I think we both agree on that.

My point is that they could be made, if the goal is just monitoring. It could
even be passive. No engines, no propeller, just a one-time way to throw the
water out of the body to go up.

At a minimum, it's just a ball with a few video cameras, and a cavity that
will hold the water, when it's going down, and keeps the air when it's going
up. Even light is a nice, not must to have, because we're watching for other
submersibles, which emit their own lights.

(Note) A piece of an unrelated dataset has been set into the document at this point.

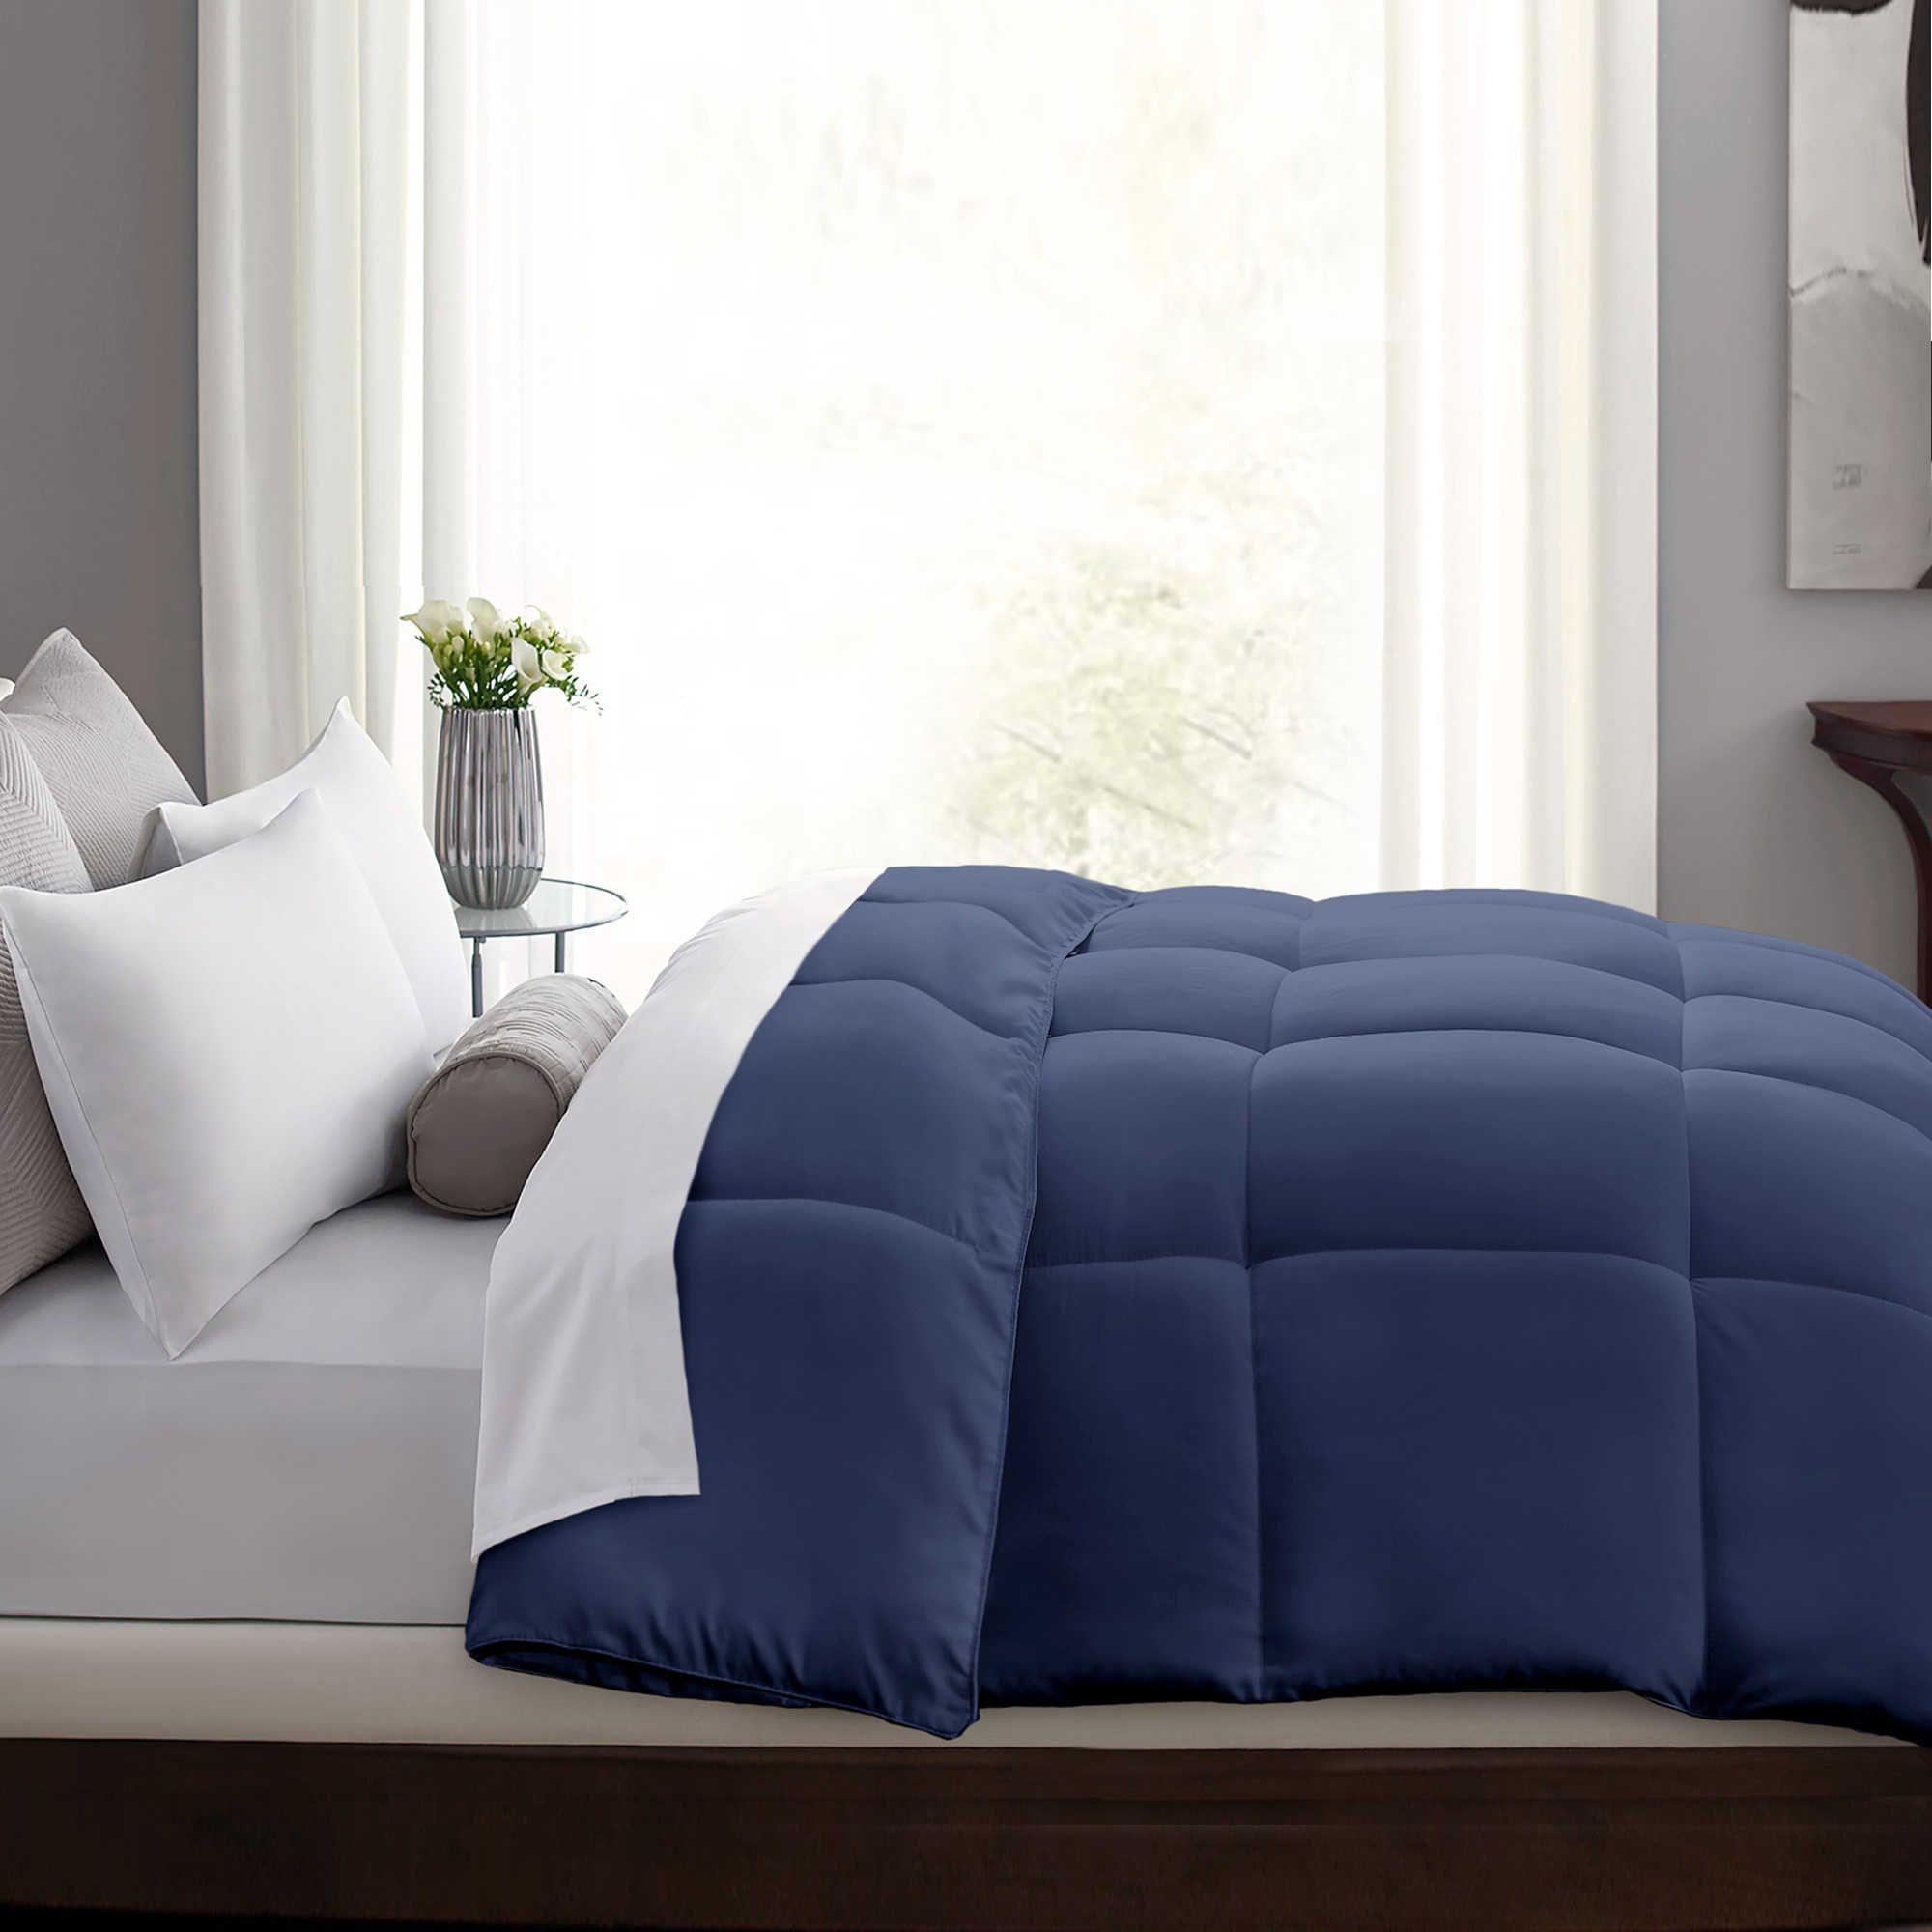 Microfiber Down Alternative Comforter Comforters

I still agree that it's not simple. I have not used this word in my statements
above.

------
sandworm101
People have been going on about mining the ocean floor for decades. The entire
industry was arguably born out of a disinformation campaign (see Glomar
Explorer) and has been bouncing in and out of fashion ever since. Every new
player pulls up some rocks, build a few spreadsheets, and starts arguing
commercial viability. Look deeply at those spreadsheets and you will find
assumptions that X Y and Z minerals will spike in value because at current
prices it isn't worth the effort.

Yes, governments are now selling "permits" but how much has been actually
paid? I suspect those buying these permits have yet to fork over any cash. The
acquisition of permits seems just a marketing stunt to draw in new investors.
And the anger by environmentalists is just yet more publicity.

If ocean mining has a future, it isn't in the depths. Valuable substances can
be extracted at the surface.

[http://www.technologyreview.com/news/514751/novel-
material-s...](http://www.technologyreview.com/news/514751/novel-material-
shows-promise-for-extracting-uranium-from-seawater/)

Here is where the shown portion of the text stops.